ゴールドシップとの3年間 in アオハル杯 作:あぬびすびすこ
プレシーズン戦、記念すべき初レース。
今回使われるのは中山レース場だ。有マ記念を終えて、次のシーズンに入る前に使おうということなのだろう。
アオハル杯ではランダムで各部門での距離とレースの順番が決められる。
今回は短距離、ダート、中距離、マイル、長距離という流れで行われることになった。
控室ではチーム全員が勝負服に着替え終わり、作戦を話し合って最終調整をしている。
GⅠレースに出ることができなくても勝負服で走れるというのはとてもいいことなのではないだろうか。
アオハル杯の中で特にみんなが嬉しいと話す部分だし。
「デジタル、私はハイペースで逃げるわ」
「もちろん存じておりますとも! あたしは後ろからゆっくり行きますので!」
2人で出走となるマイル部門のスズカとデジタルは走り方を確認している。
とはいえ、どちらも特別なことはせず自分の走りをするだけではあるが。
「ゴールドシップさんはどうするの……? 前と、後ろ。どっちかな」
「今日はししゃもの気分だからなー」
「ど、どっちなんだろう……!」
ゴールドシップはどうやらやる気が普通のようだ。先日のホープフルステークスで、走りたいというフラストレーションを1度放出しているからな。
先行のほうが勝ちやすいけど、勝ちにくい追込で後方からまくるほうが面白いぞ。
そう話すと、耳をぴこぴこと動かしてニヤリと笑う。
「うっし! ゴルシちゃんはバックダンサーでフラダンスしてっからよ、ライスは突っ込んでけよな!」
「バック……追込ってことデスネ!」
「じゃあ、ライスは前にいるね……!」
ライスが頷き、ゴールドシップは謎のダンスを踊る。
チームでの走りができるのはマイルと長距離の2部門のみ。
ウララやフクキタル、タイキはトゥインクル・シリーズのレースと同じ個人戦だ。
チームとして戦うのはここで結果を出した後、興味を持ってチームに参加してくれる娘たちが来てからだろう。

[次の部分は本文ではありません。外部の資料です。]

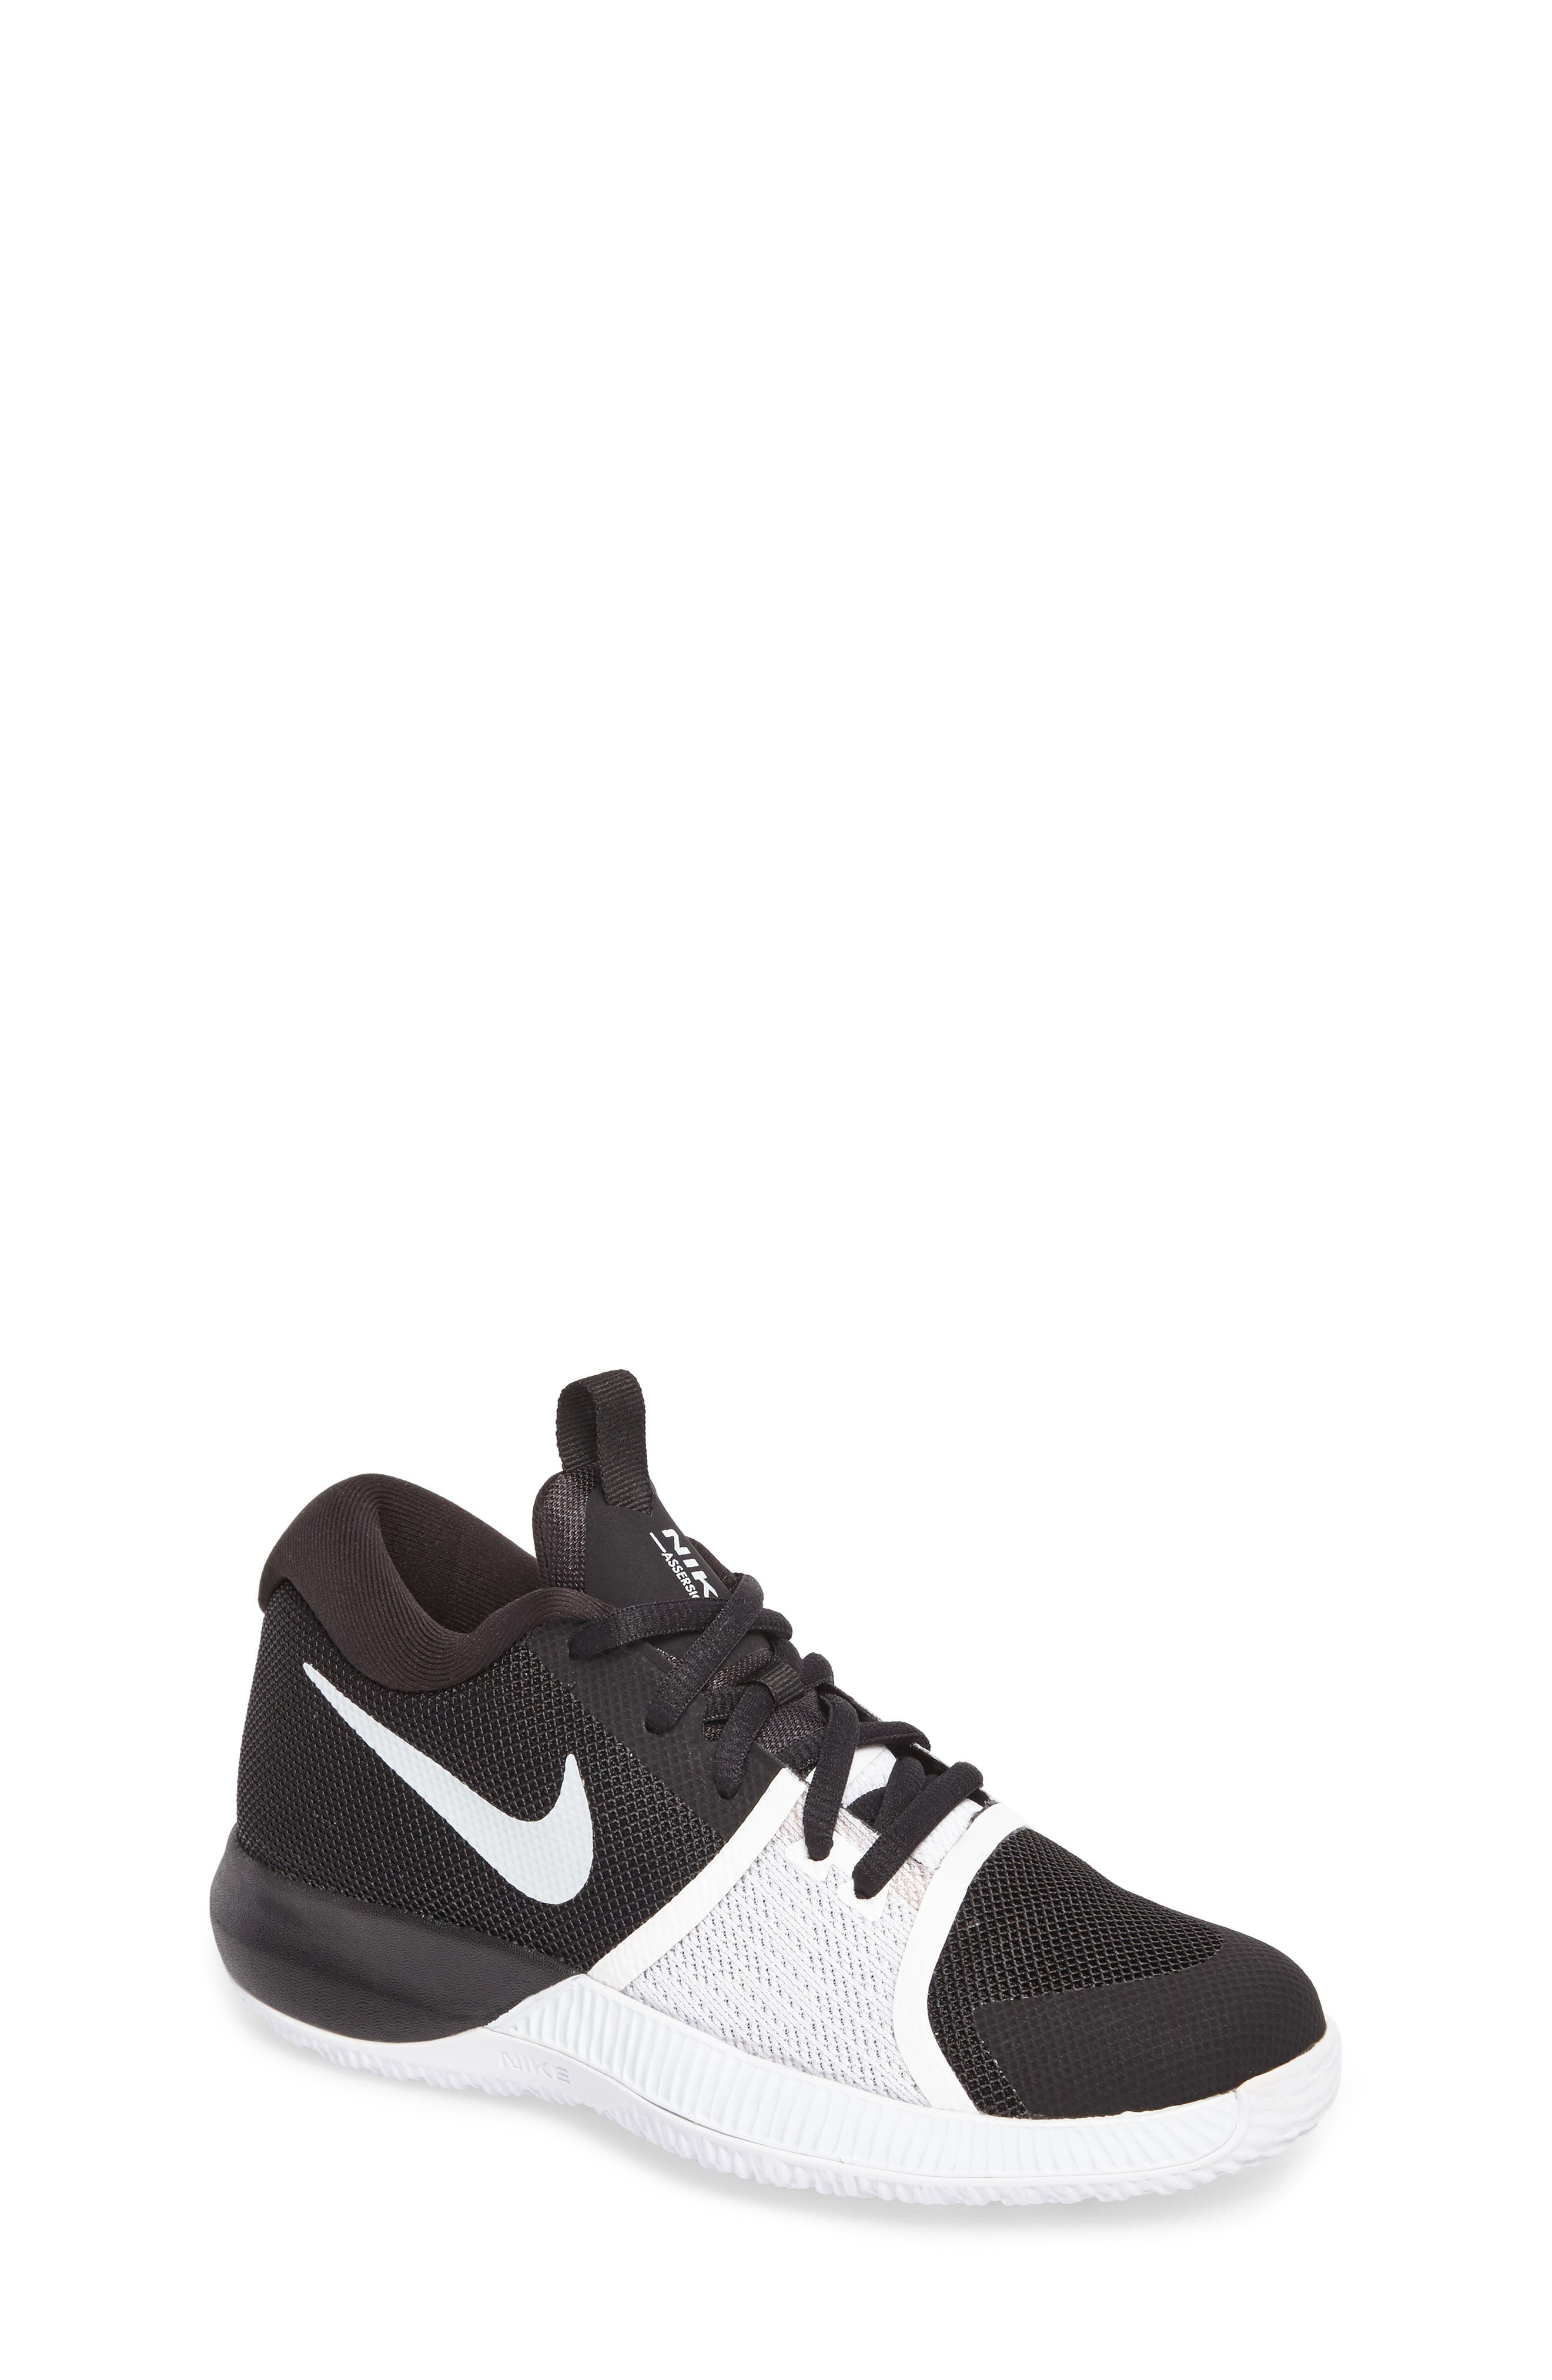 Assersion Sneaker,                             Main thumbnail 1, color,                             Black/ White

「よ~し! それではみなさん! 頑張りましょう~!」
「うららーってかんじでいくよー!」
みんなが気合十分、と目を輝かせる。
タイキがパンッと手を合わせ、そして差し出す。
他のメンバーもそれを見て手を差し出して丸くなり、目を合わせた。
「いきマスヨー! ファイ!」
――オーッ!!!
チーム<STAY GOLD>とチーム<ガンバルゾ>。そしてそれ以外のチームをいくつかあわせて戦う。
アオハル杯のレースは9人立てで行われるため、必ず9人面子を揃える必要があるからだ。
今現在フルメンバーの15人いるのは樫本代理率いるチーム<ファースト>のみ。注目度や参加率も低いから、しばらくは4~6チームが一斉に走るようなレースになるだろう。
さて、レース結果としては今のところ五分五分だ。
「アイム、ウィナー!」
「さ、さすが……!」
短距離はタイキが楽勝で1着。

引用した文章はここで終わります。